Des lésions complexes posant un défi technique aux chirurgiens

Le communiqué de la SOFCOT précise d'ailleurs que ces lésions sont complexes car elles concernent de nombreux tissus : les os et les parties molles, en l’occurrence les tendons, les muscles, les vaisseaux et les nerfs. Elles posent en outre un défi technique aux chirurgiens confrontés aux limites de leur savoir-faire en matière de réparation. En effet, les difficultés opératoires sont amplifiées par la multiplicité des mécanismes destructeurs liés à l’effet de souffle (blast), à savoir les brûlures thermiques et chimiques.
Ainsi, l’an dernier, des chirurgiens strasbourgeois ont publié dans la revue Chirurgie de la main un article détaillant les traumatismes par pétards et feu d’artifice survenus entre 2006 et 2012 en Alsace, région dans laquelle les pétards de la catégorie K1 (interdits aux moins de 12 ans) sont en vente libre, alors que les "mortiers" K2 et K3, interdits aux moins de 18 ans et qui contiennent une plus grande quantité de poudre, sont interdits.
Durant cette période, les traumatismes ont concerné 58 patients, âgés en moyenne de 25 ans.
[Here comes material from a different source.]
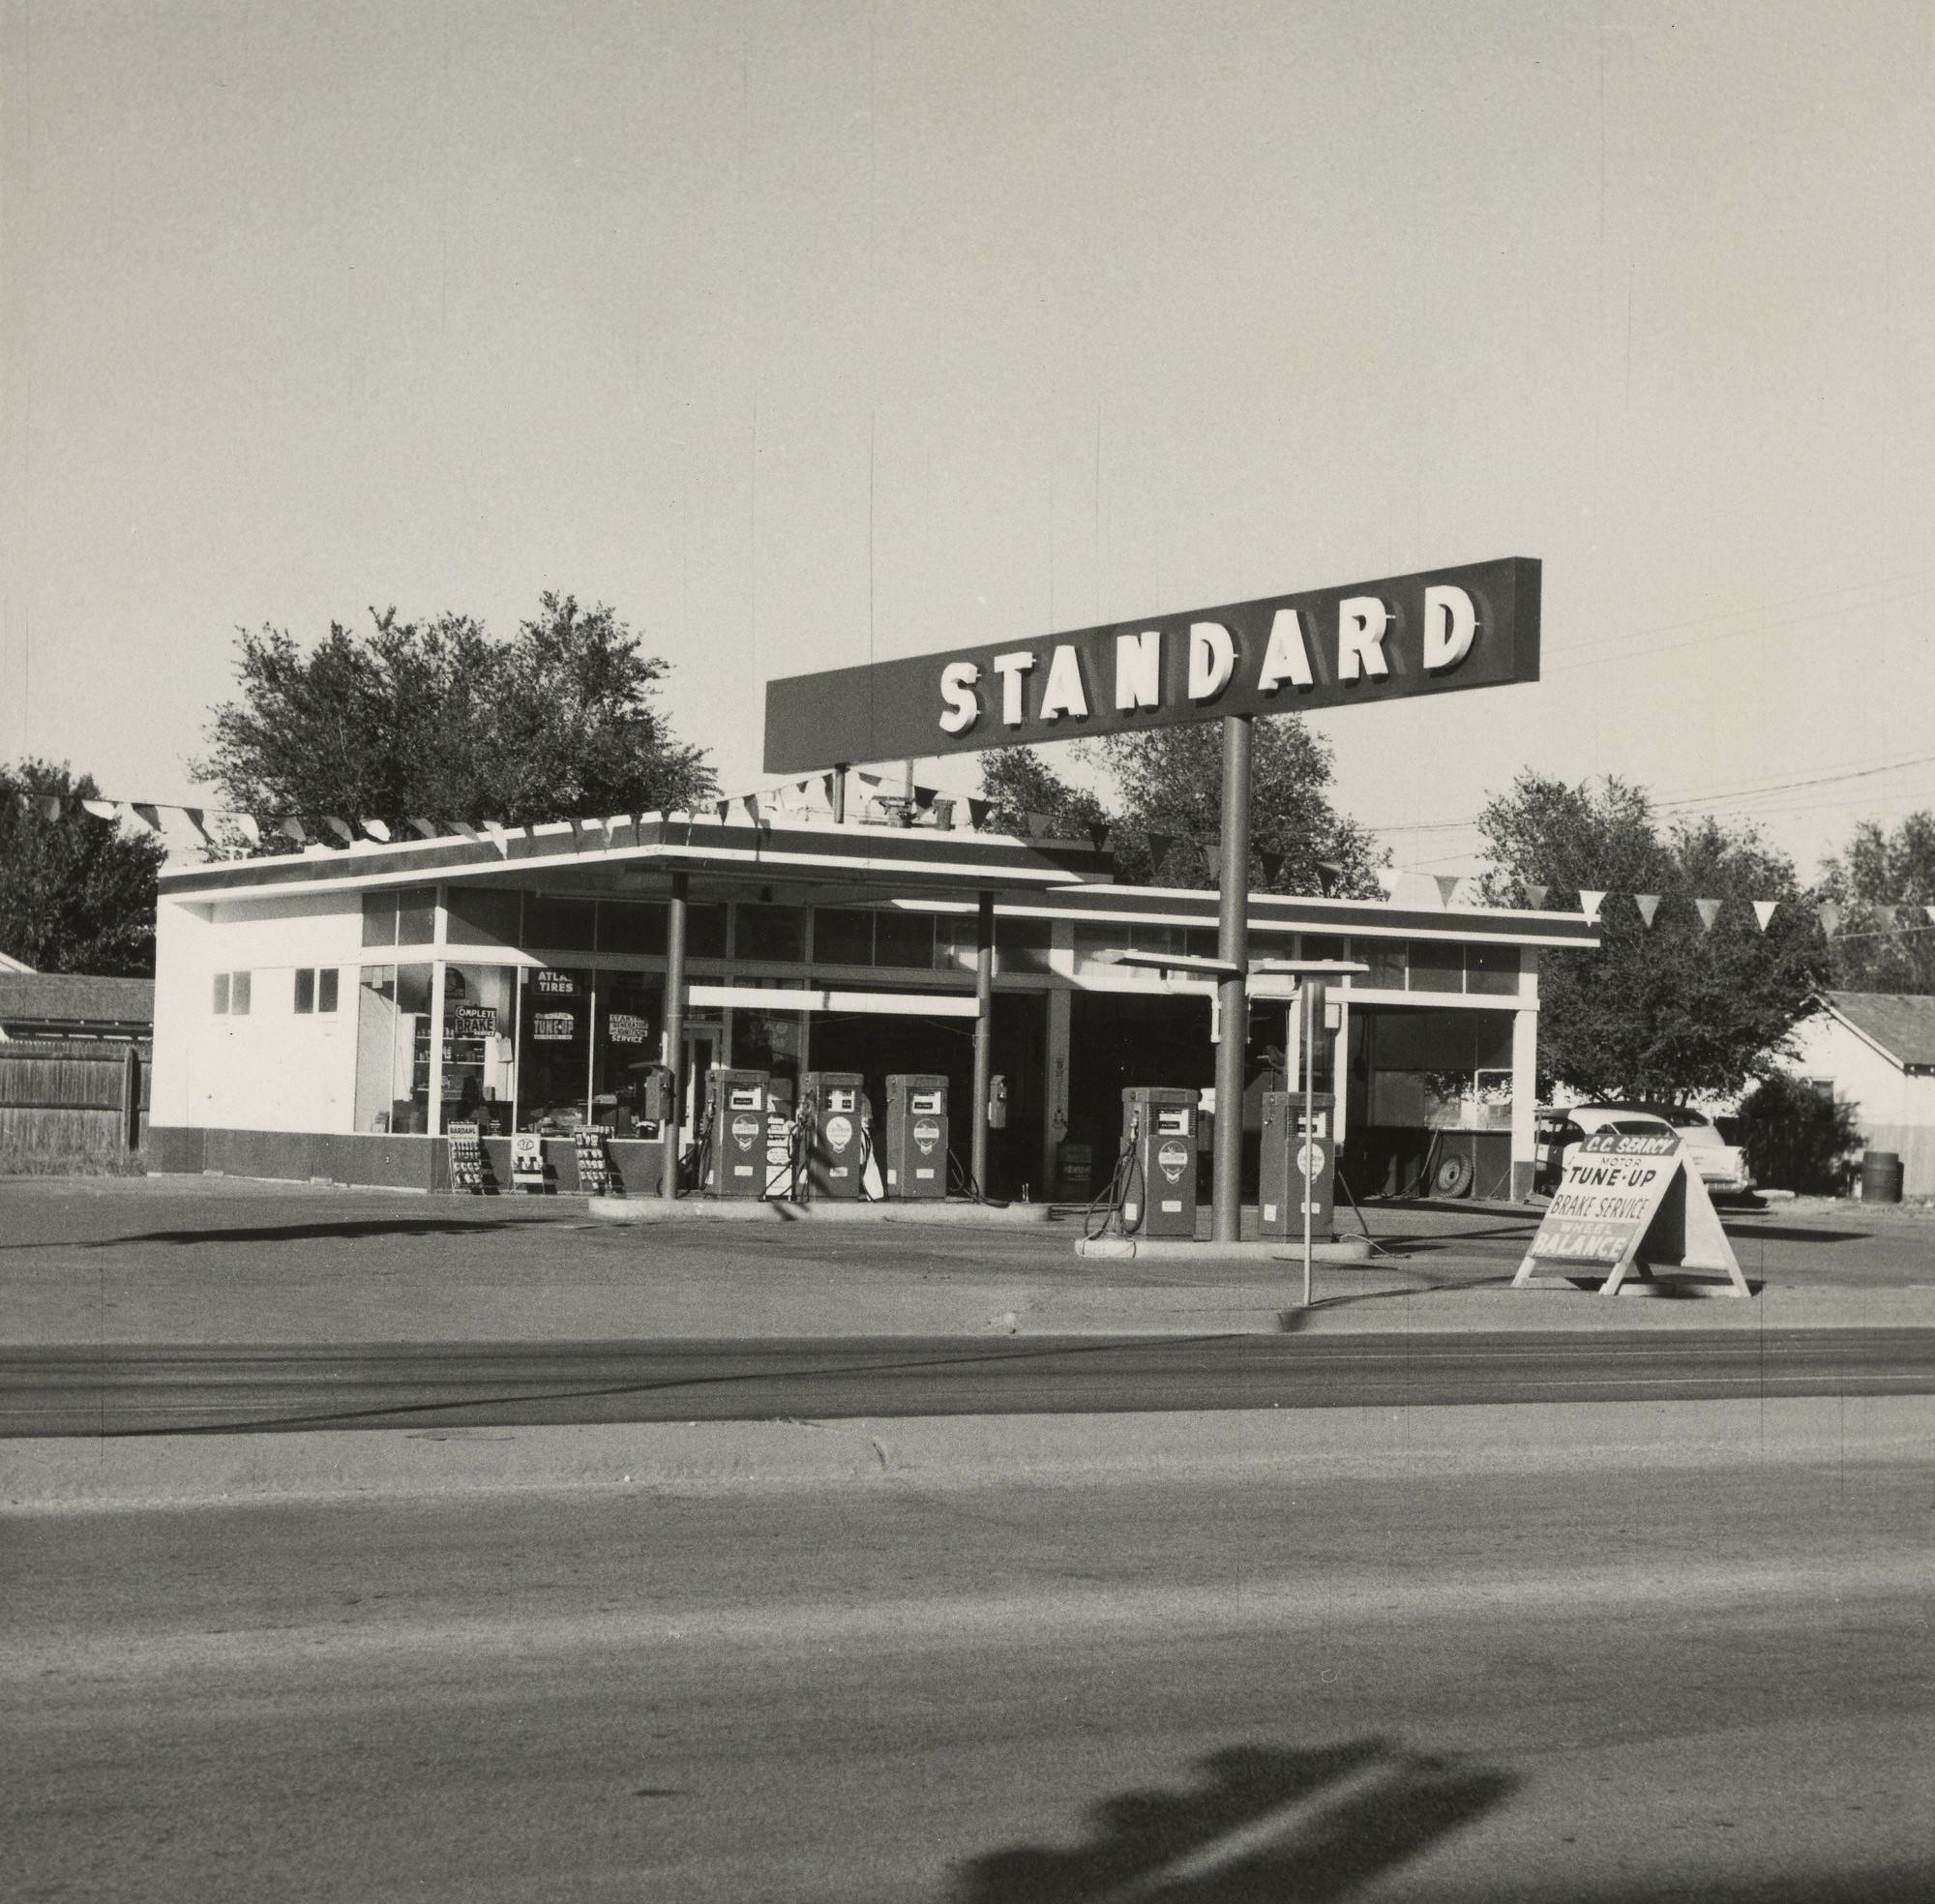 © Ed Ruscha-The J. Paul Getty Museum, Los Angeles / Standard, Amarillo, Texas, 1962

La majorité n'a d'ailleurs pas été occasionné lors du 14 juillet, mais dans la nuit du Nouvel An où l'utilisation de pétards est très répandue dans cette région. Le Pr Philippe Livernaux se veut cependant optimiste : "Le nombre d’accidents graves par pétards a nettement diminué en Alsace depuis deux ans. Dans les départements en Bas-Rhin et du Haut-Rhin, plusieurs actions de prévention ont été menées. Des policiers et gendarmes ont ainsi sensibilisés plus de 20.000 élèves des classes de 4à ce danger", précise-t-il.
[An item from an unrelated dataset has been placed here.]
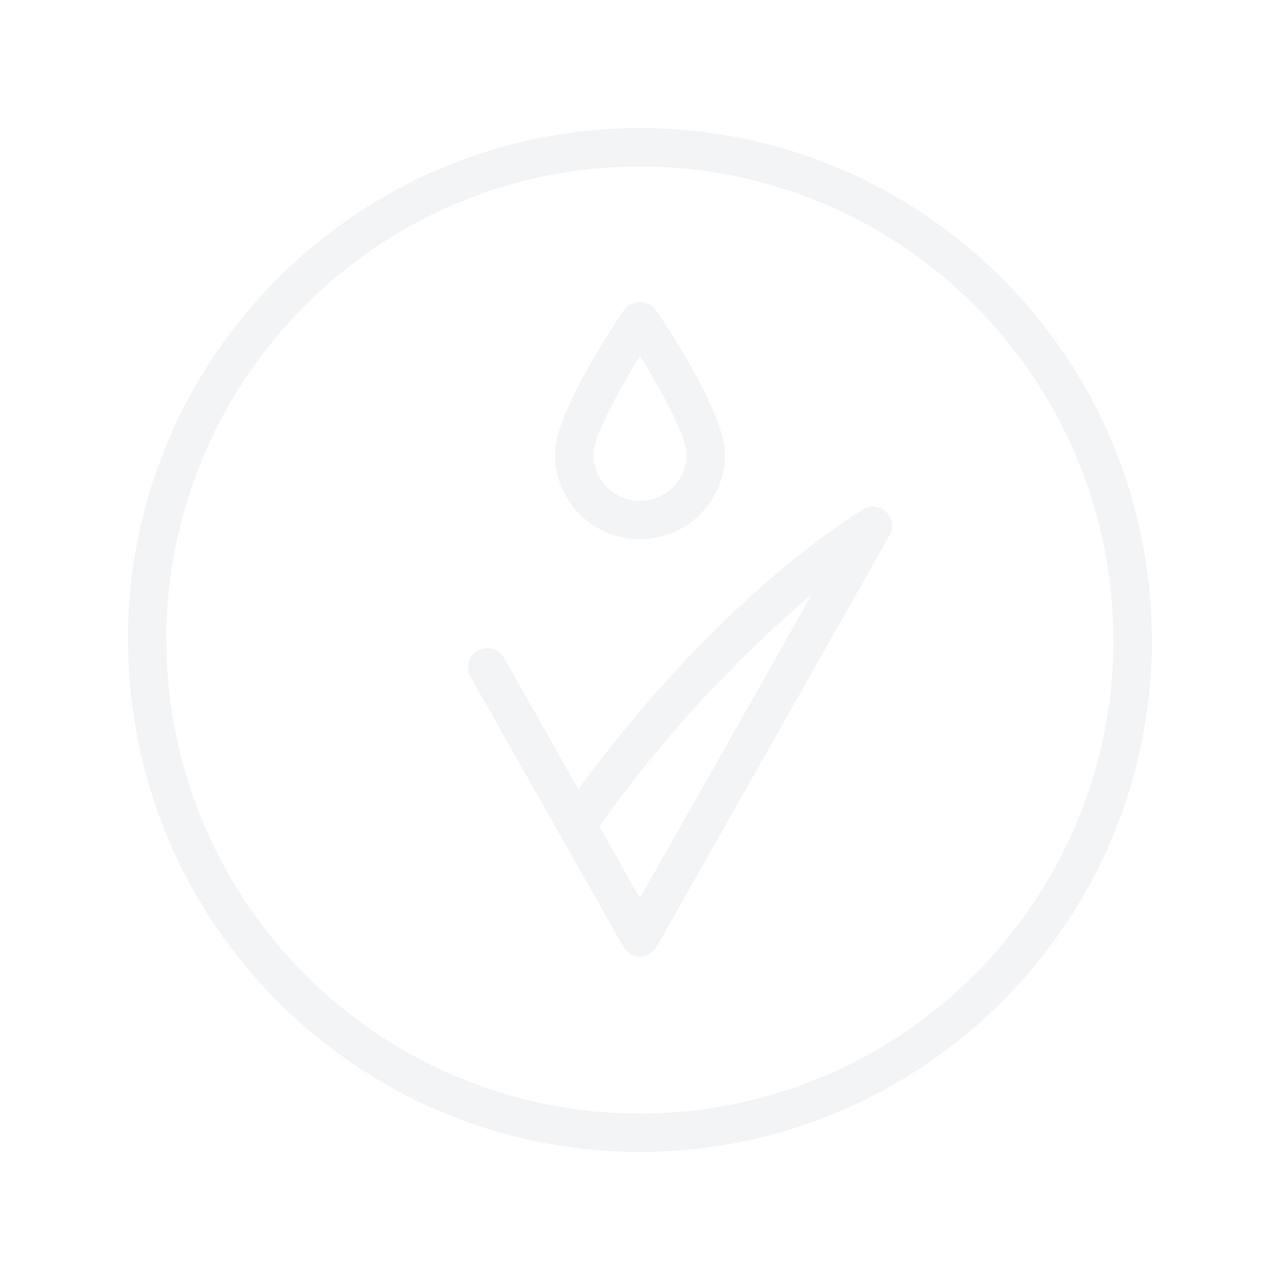 DECLEOR Hydra Floral White Petal Sleeping Mask 50ml

Les douanes et la gendarmerie ont aussi mené des actions à la frontière avec l’Allemagne en recherchant dans les coffres des frontaliers des pétards fabriqués outre-Rhin mais interdits en France. Une action que le Pr Liverneaux juge cependant "pas très efficace et peut-être inutile". Selon lui, elle incite à se procurer des engins pyrotechniques de contrebande ou à fabriquer soi-même des produits défectueux via des procédés trouvés sur Internet. En revanche, le chirurgien salue la présence discrète de la police sur la place principale de Strasbourg lors de ces nuits à risque. "Elle incite les gens à se montrer plus responsables, moins enclins à utiliser n'importe où leurs pétards et à le faire dans une ambiance moins alcoolisée."
Ne jamais allumer de pétard tenu dans la main"
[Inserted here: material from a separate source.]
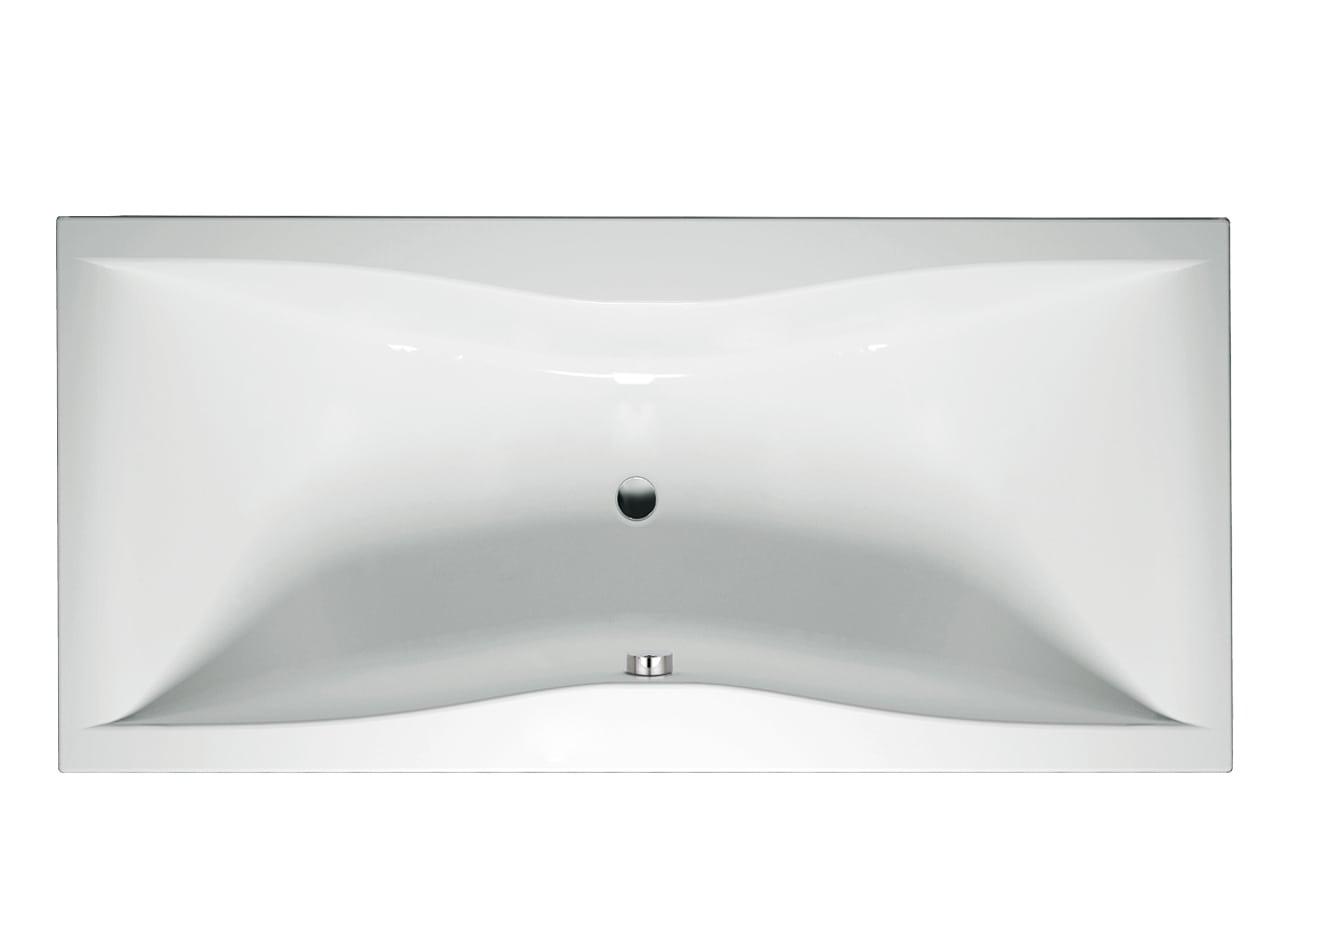 Vasca Da Bagno Incasso 190x90 : Dimensioni vasca da bagno modelli per tutti vasche da bagno

Pour le Pr Liverneaux, le plus important message de prévention consiste à inciter les jeunes à ne pas allumer de pétard en le tenant à la main, et à ne surtout pas s'en approcher. "On le pose sur un muret, sur un support quelconque. En effet, le pétard peut exploser et vous blesser grièvement. Nous avons ainsi enregistré localement deux décès en décembre 2013 et un autre en 2014. A chaque fois, il s’agissait de mortiers artisanaux, fabriqués à partir de recettes trouvées sur Internet ou provenant de contrebande. Comme ils n’avaient pas explosé, les jeunes se sont approchés. C’est alors que le mortier leur a explosé en plein visage. Le message capital est donc que si un mortier ne s’est pas allumé, ce n’est pas la peine d’aller voir. Il faut jeter un seau d’eau dessus pour le neutraliser". De même, les comportements irresponsables comme d'allumer un feu d’artifice sur son crâne sont à bannir.
Les lésions par pétards concernent les mains dans 60 % des cas. Elles vont de la simple brûlure qui nécessite un pansement et va guérir toute seule à l’amputation d’un ou plusieurs doigts, voire de la totalité de la main, ou des deux mains. Dans 40% des cas, c’est le visage qui est touché, notamment les yeux. On observe alors des brûlures de la cornée qui nécessitent une greffe. Dans de rares cas, la victime peut devenir aveugle. Sous l’effet du blast,l’oreille interne peut aussi subir un important traumatisme, à l’origine parfois d’une surdité. Enfin, le blast peut provoquer des lésions cérébrales, parfois mortelles.